Referring now to FIGS. 18A-18E, various exemplary implementations incorporating the teachings of the present disclosure are shown. Referring now to FIG. 18A, the teachings of the disclosure can be implemented in an audio interface 1044 of a high definition television (HDTV) 1037. The HDTV 1037 includes an HDTV control module 1038, a display 1039, a power supply 1040, memory 1041, a storage device 1042, a network interface 1043, and an external interface 1045. If the network interface 1043 includes a wireless local area network interface, an antenna (not shown) may be included.

The HDTV 1037 can receive input signals from the network interface 1043 and/or the external interface 1045, which can send and receive data via cable, broadband Internet, and/or satellite. The HDTV control module 1038 may process the input signals, including encoding, decoding, filtering, and/or formatting, and generate output signals. The output signals may be communicated to one or more of the display 1039, memory 1041, the storage device 1042, the network interface 1043, and the external interface 1045.

Memory 1041 may include random access memory (RAM) and/or nonvolatile memory. Nonvolatile memory may include any suitable type of semiconductor or solid-state memory, such as flash memory (including NAND and NOR flash memory), phase change memory, magnetic RAM, and multi-state memory, in which each memory cell has more than two states.

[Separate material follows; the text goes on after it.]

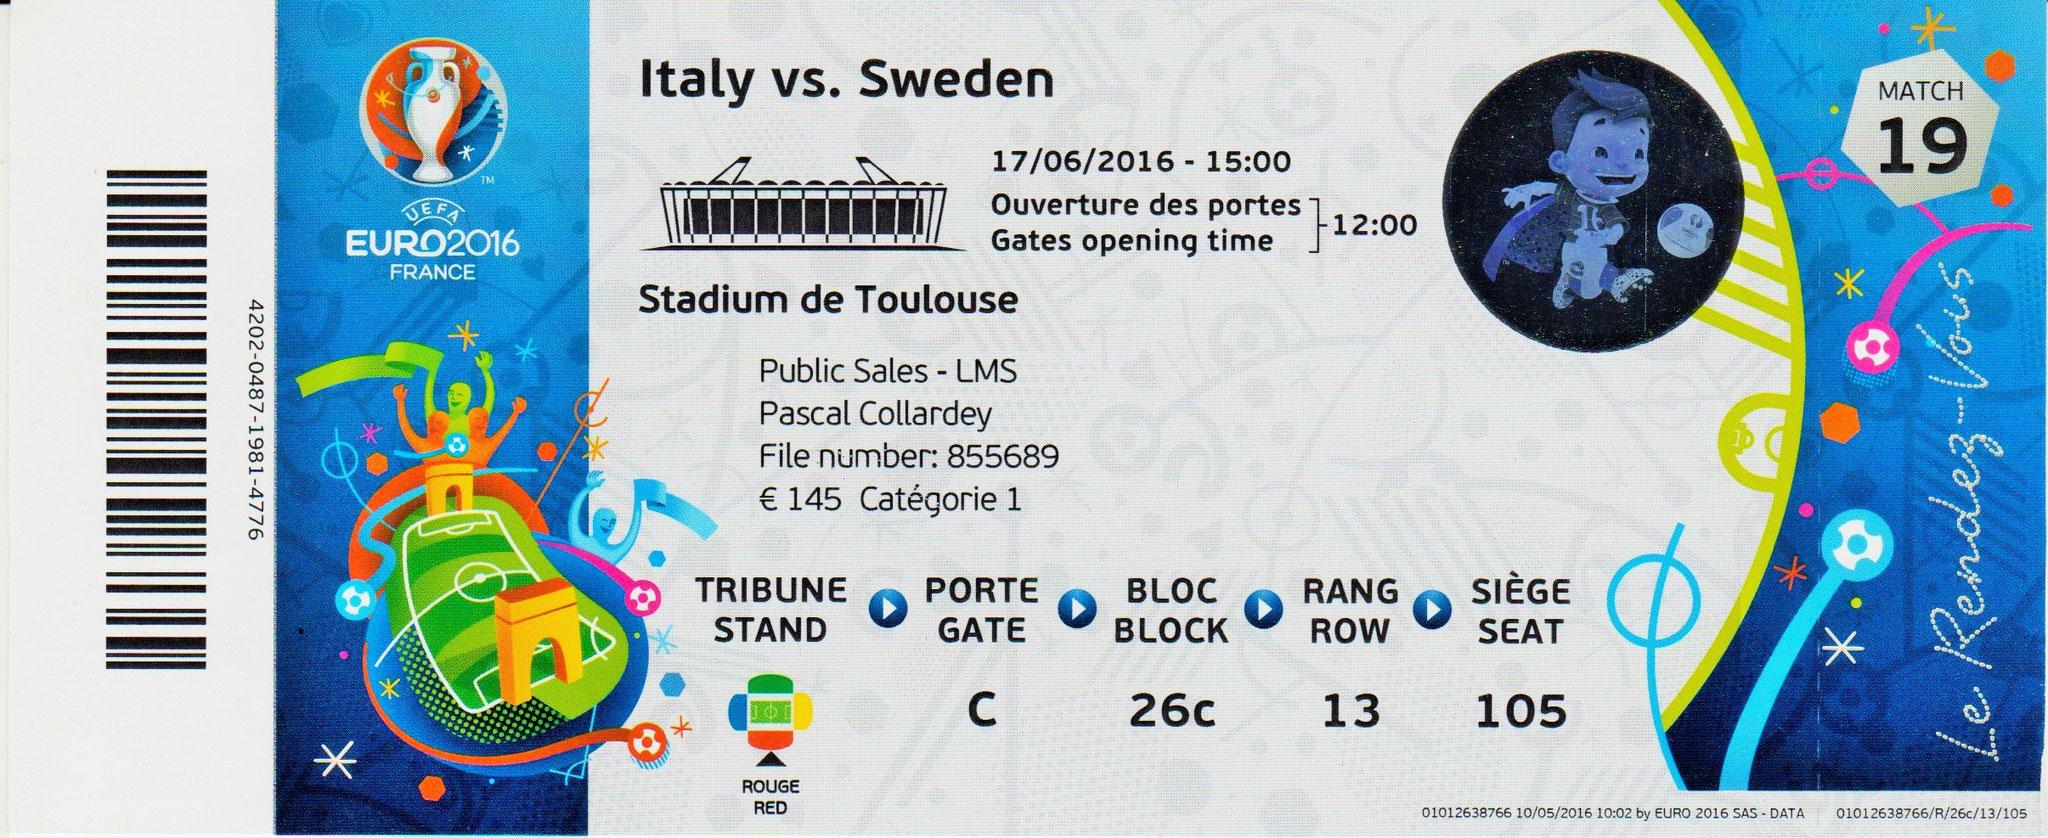 17/06/2016 Toulouse : Italie  1 - 0  Suède > Eder (Ita) <

The storage device 1042 may include an optical storage drive, such as a DVD drive, and/or a hard disk drive (HDD). The HDTV control module 1038 communicates externally via the network interface 1043 and/or the external interface 1045. The power supply 1040 provides power to the components of the HDTV 1037.

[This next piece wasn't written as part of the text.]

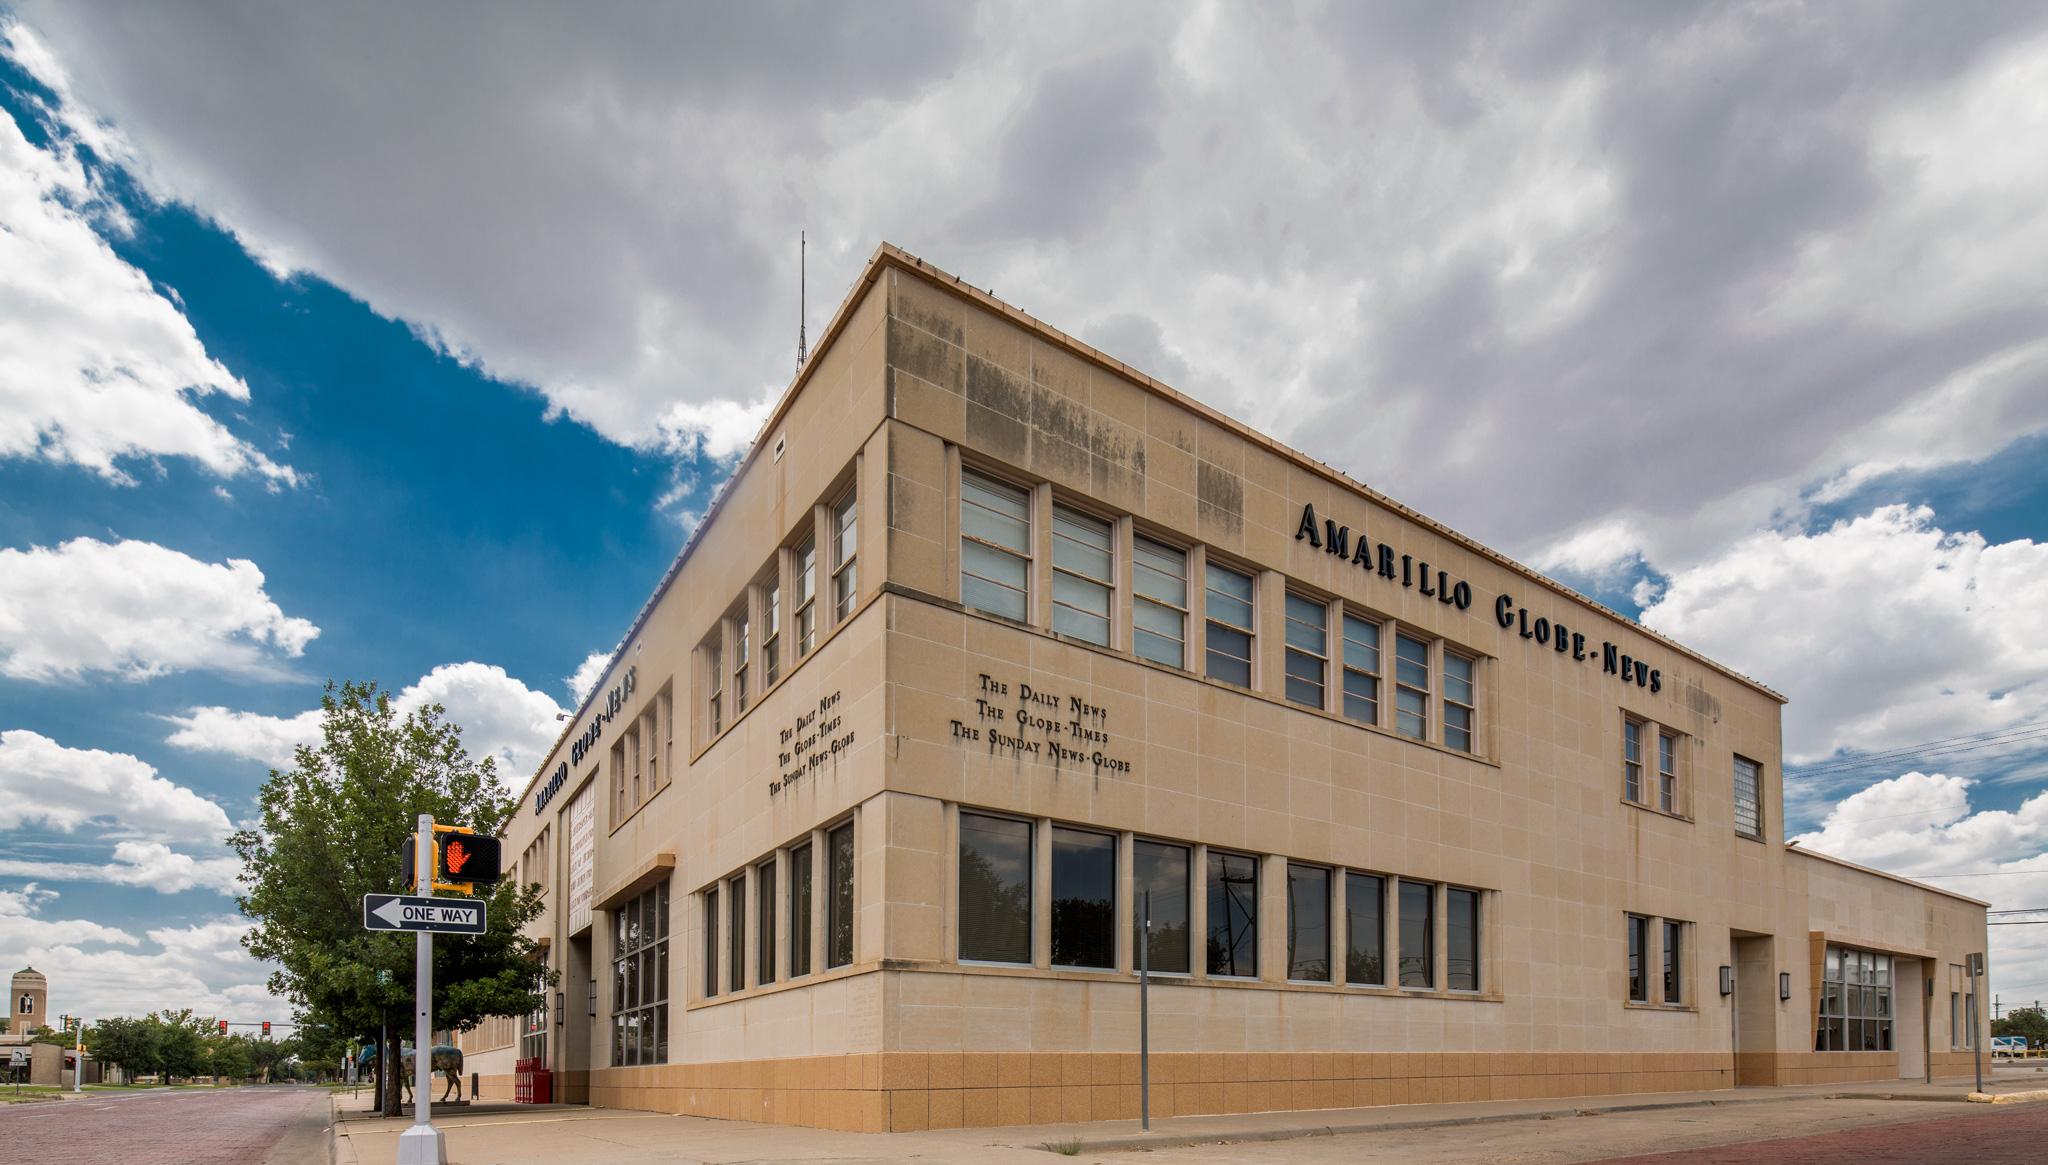 Amarillo-Globe-News.jpg

The audio interface 1044 may include a microphone and a speaker. The audio interface 1044 may also include an integrated adaptive jitter buffer and packet loss concealment module according to the principles of the present disclosure. VoIP packets may be received by the network interface 1043 and passed to the audio interface 1044. The integrated AJB/PLC module may decode audio data included in the VoIP packets and pass the data to the speaker.

Referring now to FIG. 18B, the teachings of the disclosure may be implemented in an audio interface 1051 of a vehicle 1046. The vehicle 1046 may include a vehicle control system 1047, a power supply 1048, memory 1049, a storage device 1050, and a network interface 1052. If the network interface 1052 includes a wireless local area network interface, an antenna (not shown) may be included. The vehicle control system 1047 may be a powertrain control system, a body control system, an entertainment control system, an anti-lock braking system (ABS), a navigation system, a telematics system, a lane departure system, an adaptive cruise control system, etc.

The vehicle control system 1047 may communicate with one or more sensors 1054 and generate one or more output signals 1056. The sensors 1054 may include temperature sensors, acceleration sensors, pressure sensors, rotational sensors, airflow sensors, etc. The output signals 1056 may control engine operating parameters, transmission operating parameters, suspension parameters, etc.

The power supply 1048 provides power to the components of the vehicle 1046. The vehicle control system 1047 may store data in memory 1049 and/or the storage device 1050. Memory 1049 may include random access memory (RAM) and/or nonvolatile memory. Nonvolatile memory may include any suitable type of semiconductor or solid-state memory, such as flash memory (including NAND and NOR flash memory), phase change memory, magnetic RAM, and multi-state memory, in which each memory cell has more than two states. The storage device 1050 may include an optical storage drive, such as a DVD drive, and/or a hard disk drive (HDD). The vehicle control system 1047 may communicate externally using the network interface 1052.

The audio interface 1051 may include a microphone and a speaker. The audio interface 1051 may also include an integrated adaptive jitter buffer and packet loss concealment module according to the principles of the present disclosure. VoIP packets may be received by the network interface 1052 and passed to the audio interface 1051. The integrated AJB/PLC module may decode audio data included in the VoIP packets and pass the data to the speaker.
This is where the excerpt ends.